If you want to research the croton more, the proper scientific name is_ Codiaeum variegatum_ variety _pictus_. There are MANY different color forms. It is a bit confusing, because there is another genus of plants with the Latin name _Croton_. For this plant, Croton is the common name, rather than the proper scientific name.

The following notes the irritating sap: Floridata: Codiaeum variegatum var. pictum


----------



## epiphytes etc. (Nov 22, 2010)

Funny enough, "croton" and Croton are pretty closely related.


----------



## LongPig (Nov 7, 2013)

LoganR said:


> If you want to research the croton more, the proper scientific name is_ Codiaeum variegatum_ variety _pictus_. There are MANY different color forms. It is a bit confusing, because there is another genus of plants with the Latin name _Croton_. For this plant, Croton is the common name, rather than the proper scientific name.
> 
> The following notes the irritating sap: Floridata: Codiaeum variegatum var. pictum


Thanks for the info. I'm lead to lead to believe by that article that as long as I do not cut the stems then it should be safe in the vivarium. Am I correct?


----------



## LongPig (Nov 7, 2013)

Okay moss is in and leaves are down. The one pic shows a shallow water bowl. I didn't know if I should leave that or not.


----------



## LongPig (Nov 7, 2013)

Found some spider web looking mold today. After a misting it mostly disappeared. I also came across a frog that has really piqued my interest. It's Ranitomeya benedicta
"Shucushuyacu".


----------



## Urban Jungle (Oct 10, 2013)

Beautiful terrarium! Nice layout! The natural lines formed within it could be more active visually if you add some more spiral or diagonal lines. A good way to achieve this is taking a thin cotton string, covering it in a black or bronze colored silicone, and dipping the rope in peat moss and/or coco coir. Then coil it till it's dry. Afterwards, you can hang the rope as if they were spiral vines. You might want to add an air plant such as Tillensia usenoides, which will also add more active lines and beautiful green color.


----------



## Urban Jungle (Oct 10, 2013)

Great choice on the benedicta's. They are some of the most beautiful frogs available. Be very careful when feeding because they are very fast and like to jump out of terrariums.


----------



## LongPig (Nov 7, 2013)

Thanks Urban. I do have quite a few Tillandsias in there already. I'll have to try that vine idea. Sounds interesting.


----------



## srrrio (May 12, 2007)

There is no doubt R. benedicta are breathtakingly beautiful frogs. They can also be frustratingly invisible!


----------



## LongPig (Nov 7, 2013)

srrrio said:


> There is no doubt R. benedicta are breathtakingly beautiful frogs. They can also be frustratingly invisible!

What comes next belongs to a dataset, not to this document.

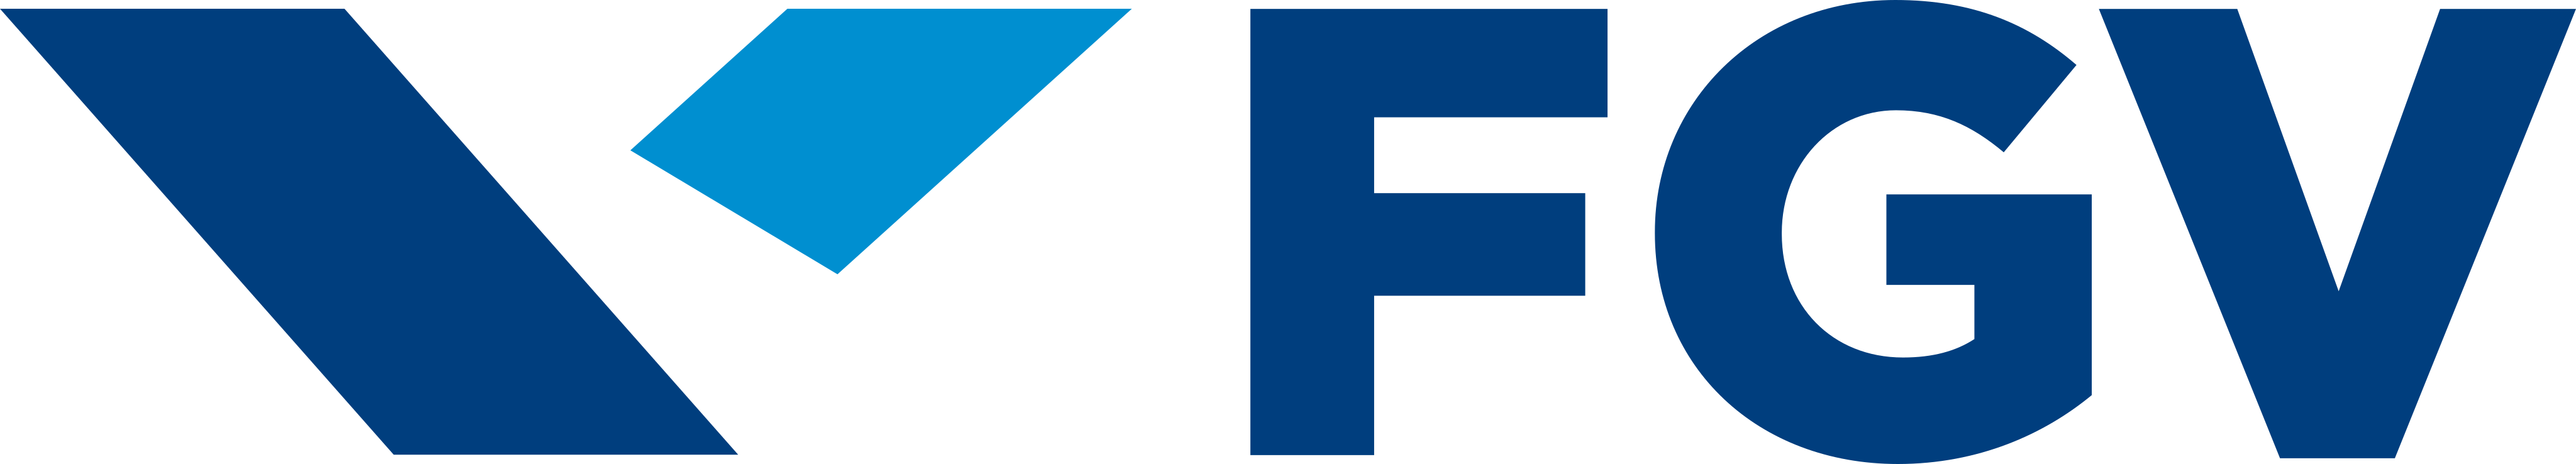 fgv-logo-1

I'm just so torn. I like the benedicta but I'm also liking mint terriblis a lot among many others. I'd like to keep a group that will stay visible.


----------



## srrrio (May 12, 2007)

I know it is really hard ..so many cool frogs! If I were in your position I would try and find someone that has some of the frogs you are interested in and see them in person. You would be welcome to see mine .. but perhaps a bit far : )


----------



## LongPig (Nov 7, 2013)

srrrio said:


> I know it is really hard ..so many cool frogs! If I were in your position I would try and find someone that has some of the frogs you are interested in and see them in person. You would be welcome to see mine .. but perhaps a bit far : )


UUggghh! I feel like my viv will be empty for awhile. Literally sitting around watching grass grow. Maybe I'll have to take you up on the invite. Good reason to go to Vegas!


----------



## Urban Jungle (Oct 10, 2013)

If you are looking for a smaller frog with a bold personality you should look into O. pumilio. They come in a large variety of colors and have a nice call. Their offspring have to be raised by the parents because tads only eat eggs which is sometimes nice because there is less work involved. Mine are so bold they will call while I'm pruning plants with the door open.


----------



## frogface (Feb 20, 2010)

I wonder if it has anything to do with frog personality? I have one Benedicta that bolts for the leaf litter when I get within a foot or so of them. The other one pays me no mind and will sit right out in the open while I mess around in the tank.


----------



## LongPig (Nov 7, 2013)

frogface said:


> I wonder if it has anything to do with frog personality? I have one Benedicta that bolts for the leaf litter when I get within a foot or so of them. The other one pays me no mind and will sit right out in the open while I mess around in the tank.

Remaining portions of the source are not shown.